India is the eighth largest producer of wild-caught fisheries in the world.1 With nearly 20 per cent of India’s population residing in coastal areas, fisheries are of critical importance to supporting the food, nutrition and livelihoods of its people.2 With a coastline of over 7,500 kilometres3 and national waters that cover over 2.3 million square kilometres, India faces considerable challenges to effectively monitor fisheries in its waters. Previous research has identified that vessels flagged to India are at moderate risk for illegal, unreported, and unregulated (IUU) fishing4 and labour exploitation and modern slavery.5

India has most elements of a developed system of fisheries governance, yet it has demonstrated limited progress in the sustainable management of its fisheries. Clear gaps remain in terms of collecting high-quality fisheries information and using this information to inform science-based management. Although 78 per cent of India’s assessed stocks are considered sustainable, these stocks account for only 26 per cent of the total catch in India’s waters since 1990. Most of India’s catch (65 per cent) comes from stocks that are not formally assessed or that lack publicly available data to estimate stock status, therefore it is unknown if they are sustainable or not. India must urgently work to increase its knowledge on the state of all the fisheries in its waters.

Recommendations

To improve the sustainability of its fisheries, India should:

Strengthen fisheries monitoring programs to gather high-quality information, including catch and effort data.
Expand the use of evidence-based management measures, such as catch and effort limits, across all fisheries.
Increase transparency and reporting of fisheries data to increase accountability and enable independent monitoring.
Ratify and implement the 2009 FAO Port State Measures Agreement and adopt a National Plan of Action to combat illegal, unreported and unregulated (IUU) fishing.
Ratify and implement the 2007 ILO Work in Fishing Convention (No. 188) and the 2012 IMO Cape Town Agreement to protect worker rights and safety in fisheries.

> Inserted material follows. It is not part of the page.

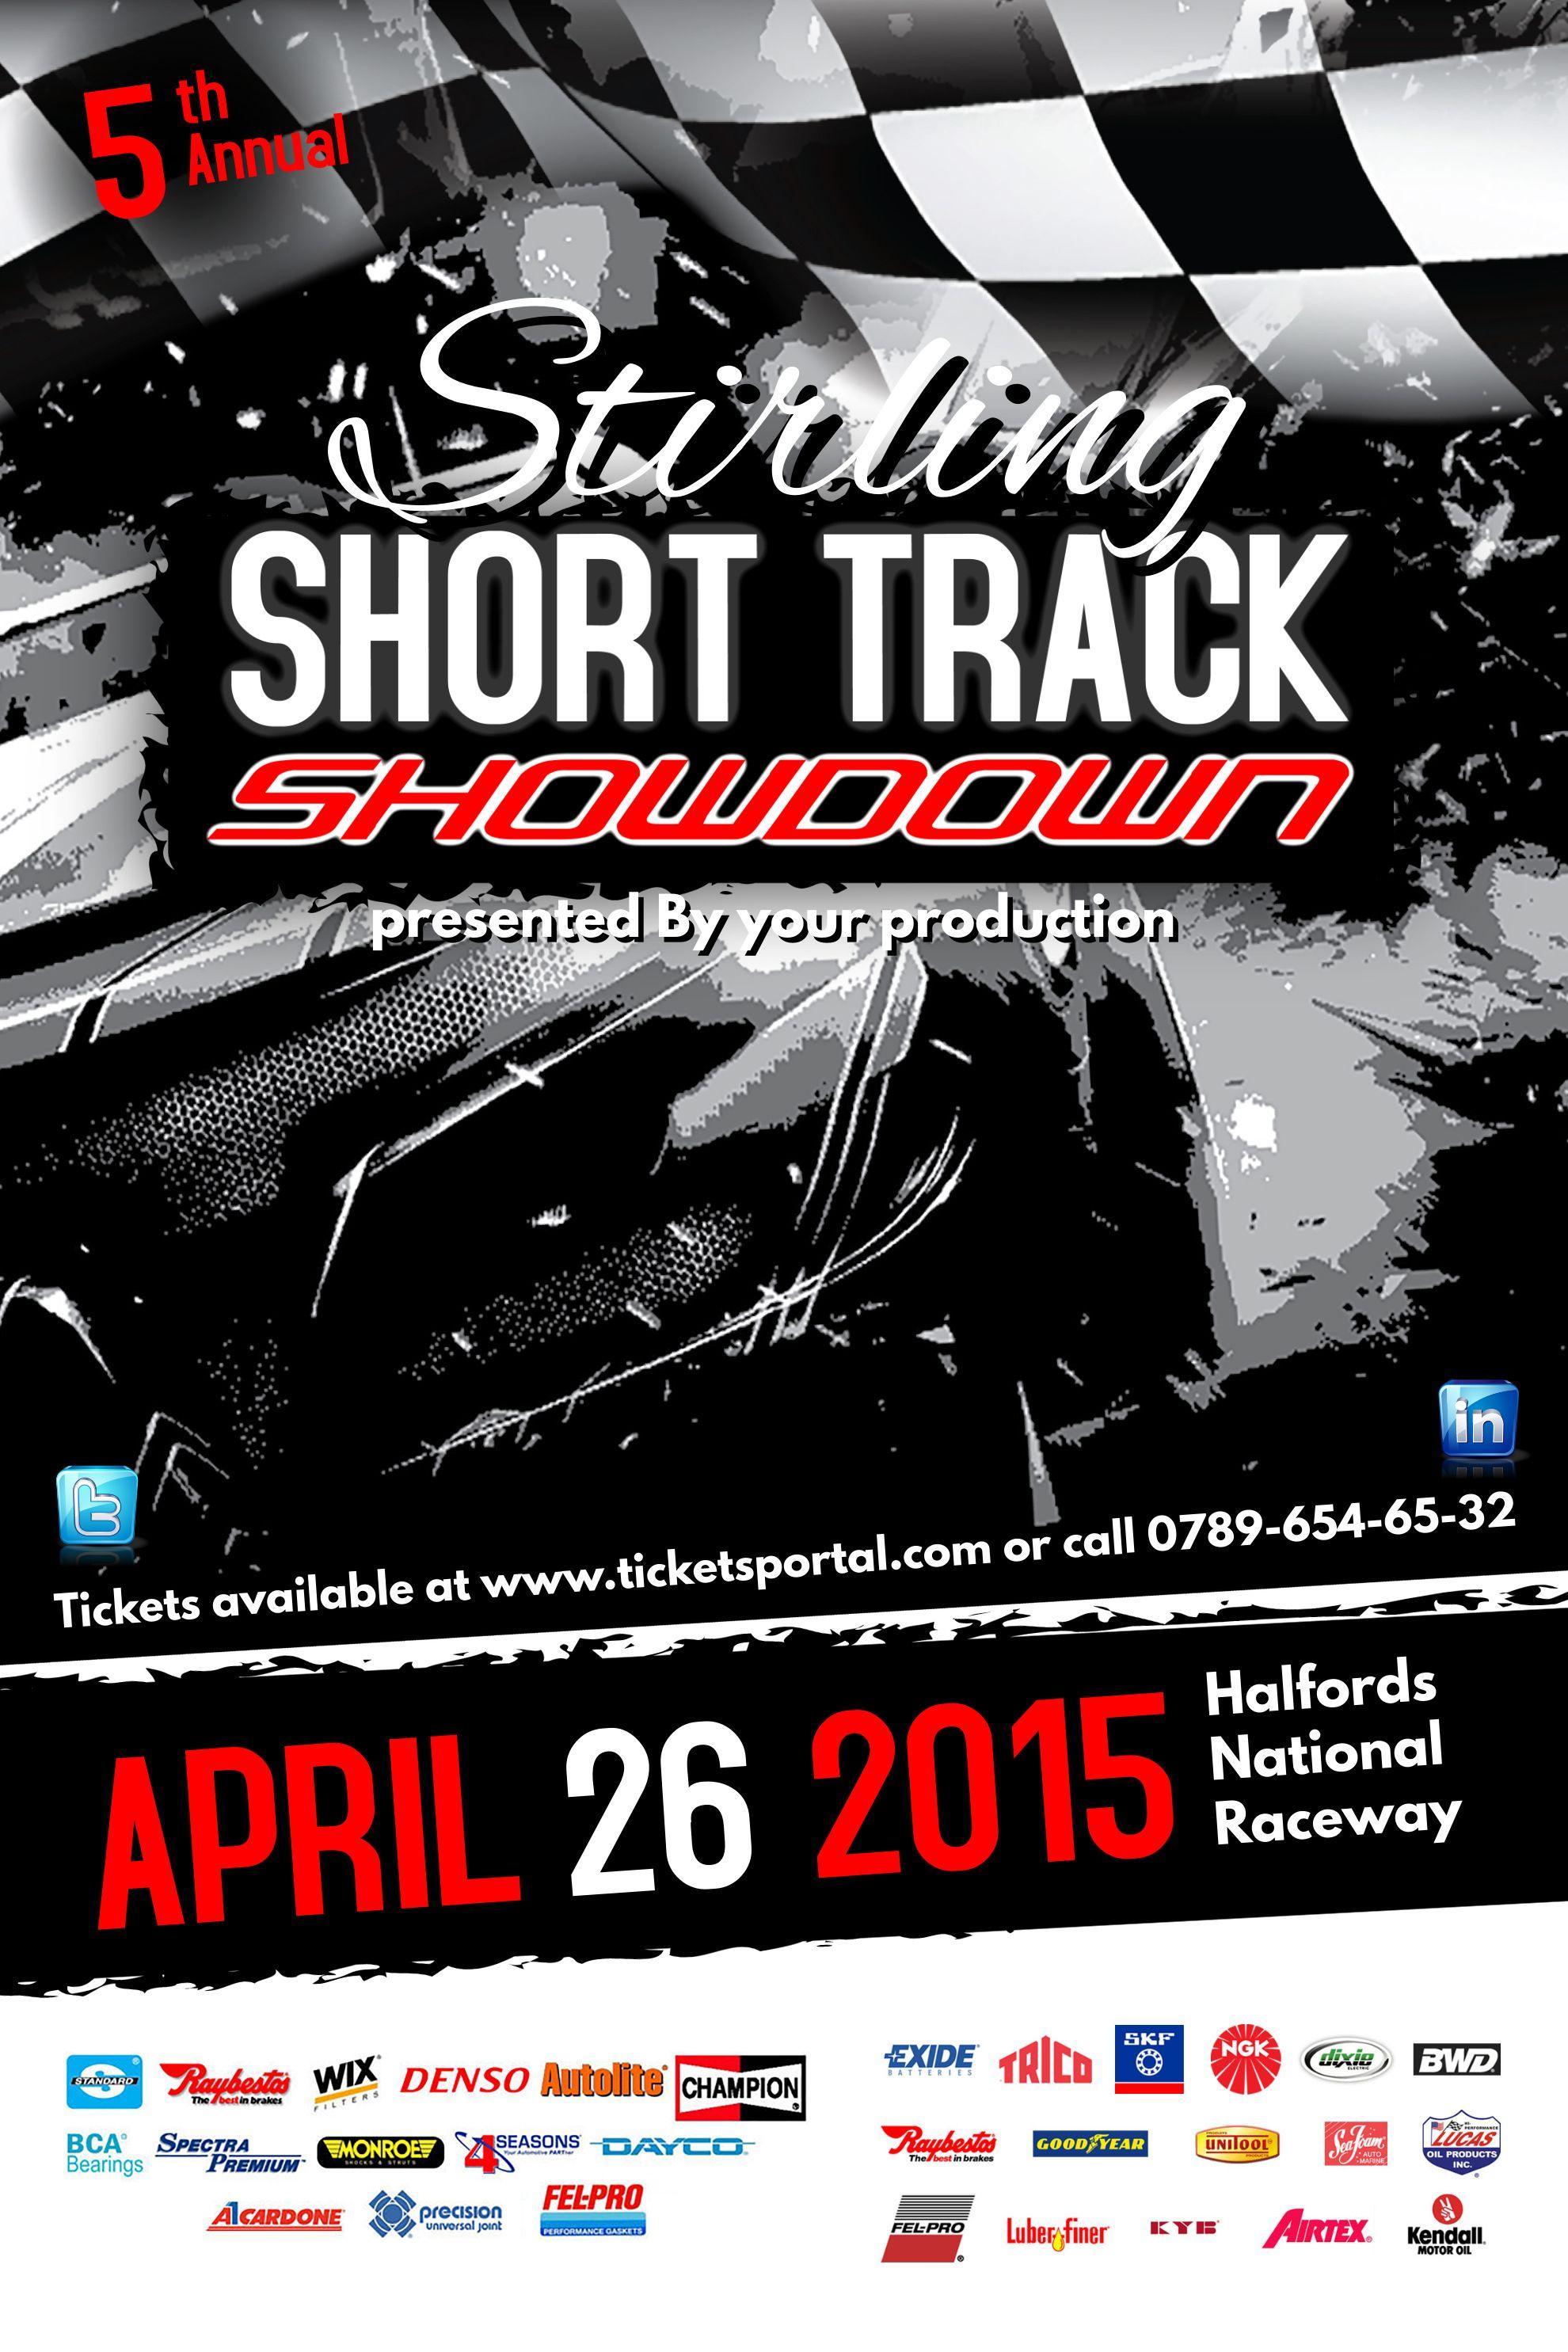 Car Racing Poster Template. | Sports Poster Templates | Pinterest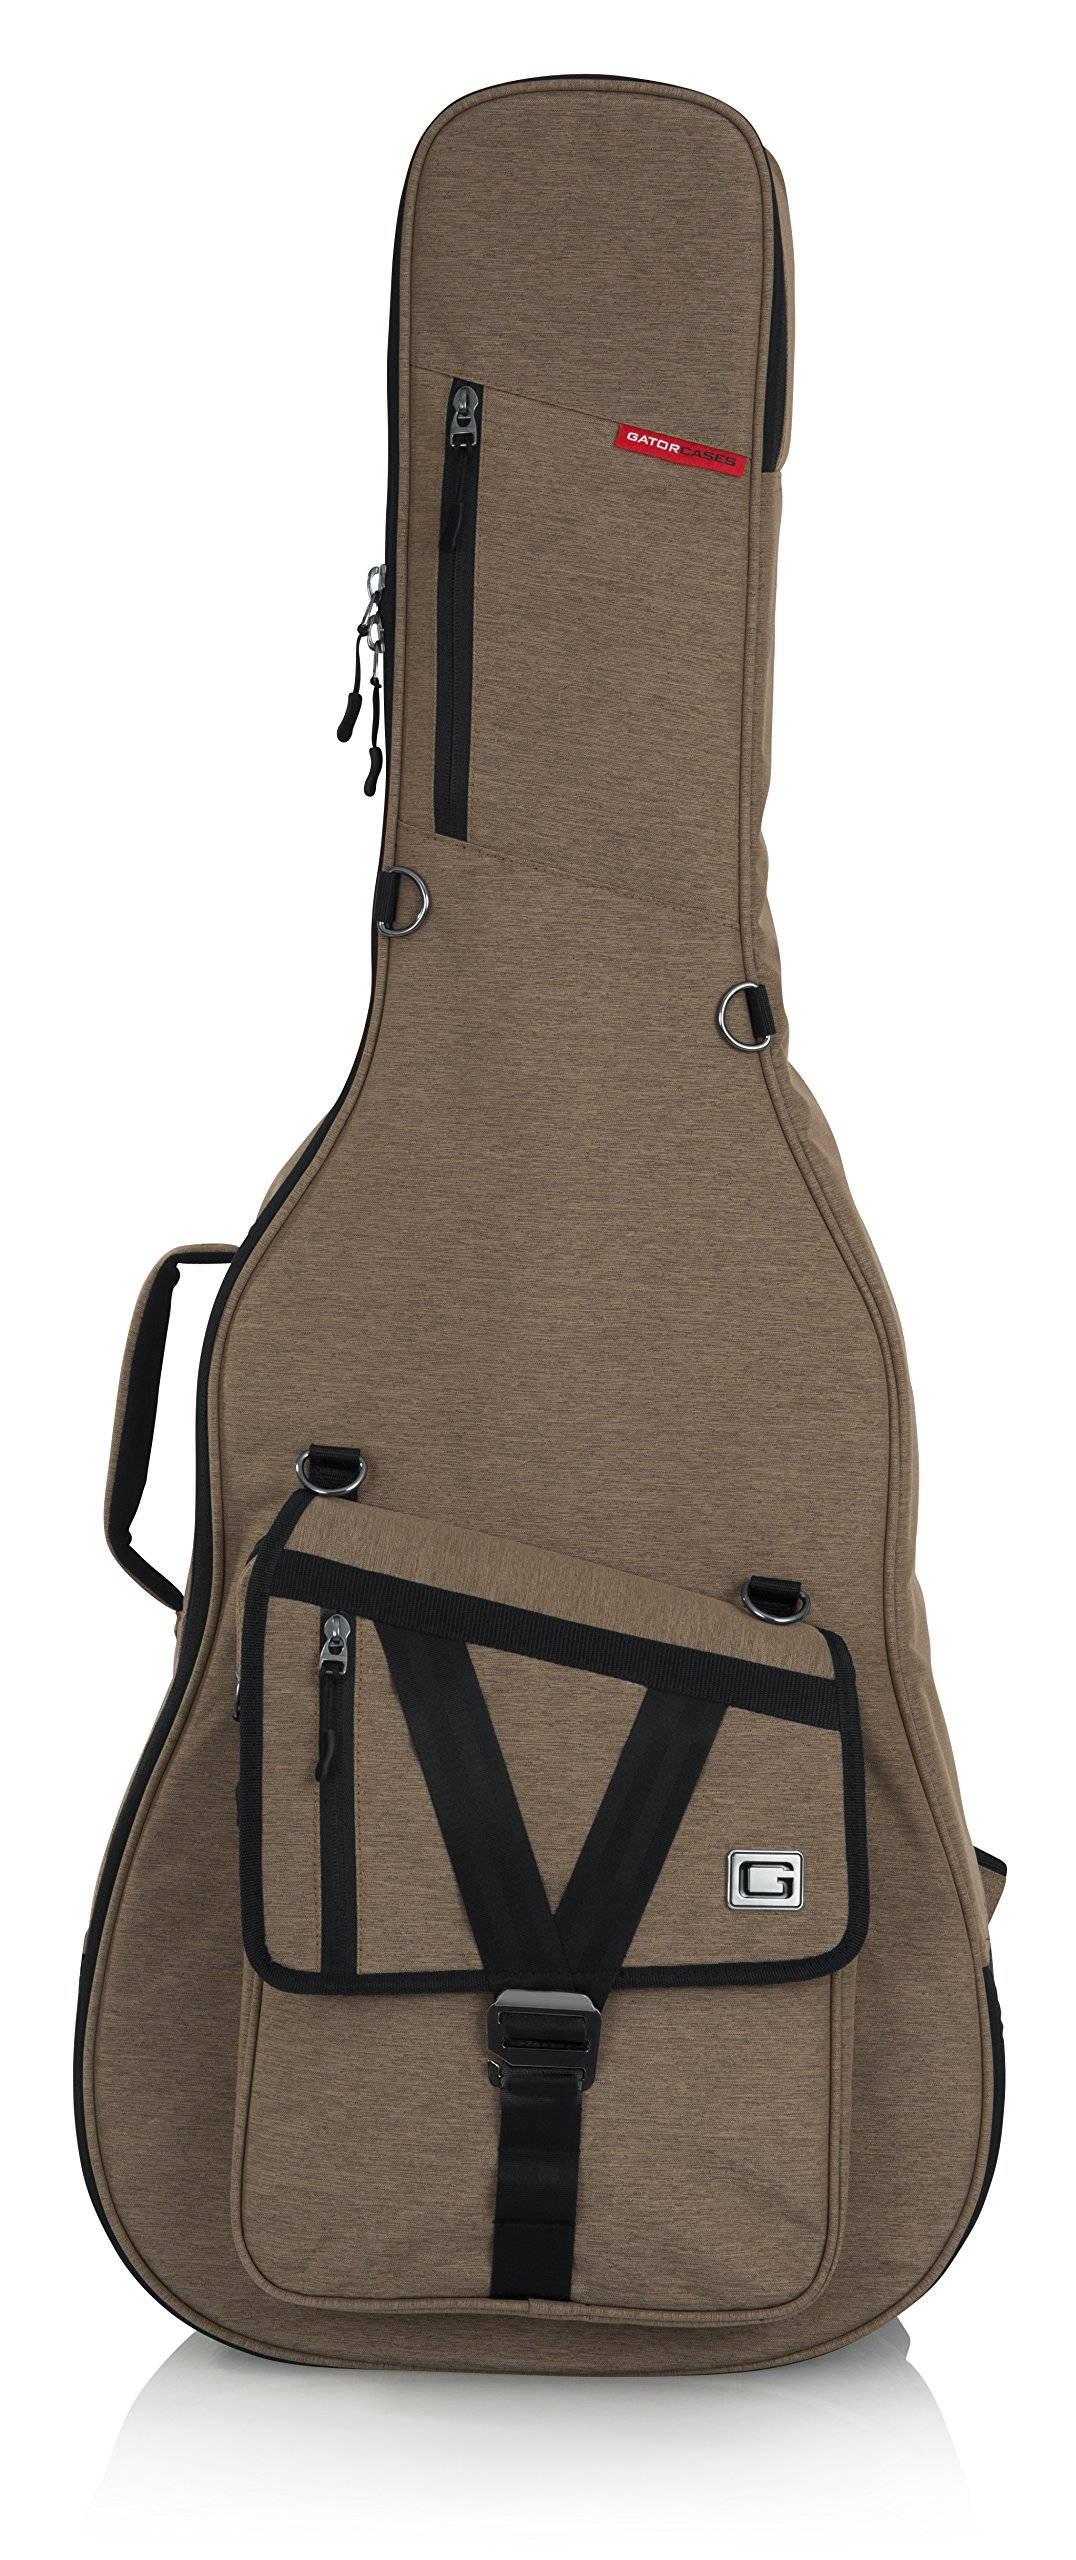 Gator Cases Transit Series Acoustic Guitar Gig Bag; Tan Exterior (GT-ACOUSTIC-TAN) by Gator

Progress towards SDG target 14.4

While India performs in the top one-third of countries globally for progress towards SDG target 14.4, and is the second highest performing country in Central, Southern, Eastern and South-Eastern Asia, it is still far from achieving sustainability in all fisheries in its waters.

India demonstrates relatively high stock sustainability, but progress toward SDG target 14.4 is hindered by the large proportion of catch that remains unassessed (65 per cent) – meaning that it comes from stocks without sufficient publicly available information to determine their status. This is primarily due to a lack of reporting at the species level, which is crucial for assessing stock health. This knowledge gap is of major concern considering the role of fish in feeding India’s population and its importance as one of the largest producers of wild caught fisheries.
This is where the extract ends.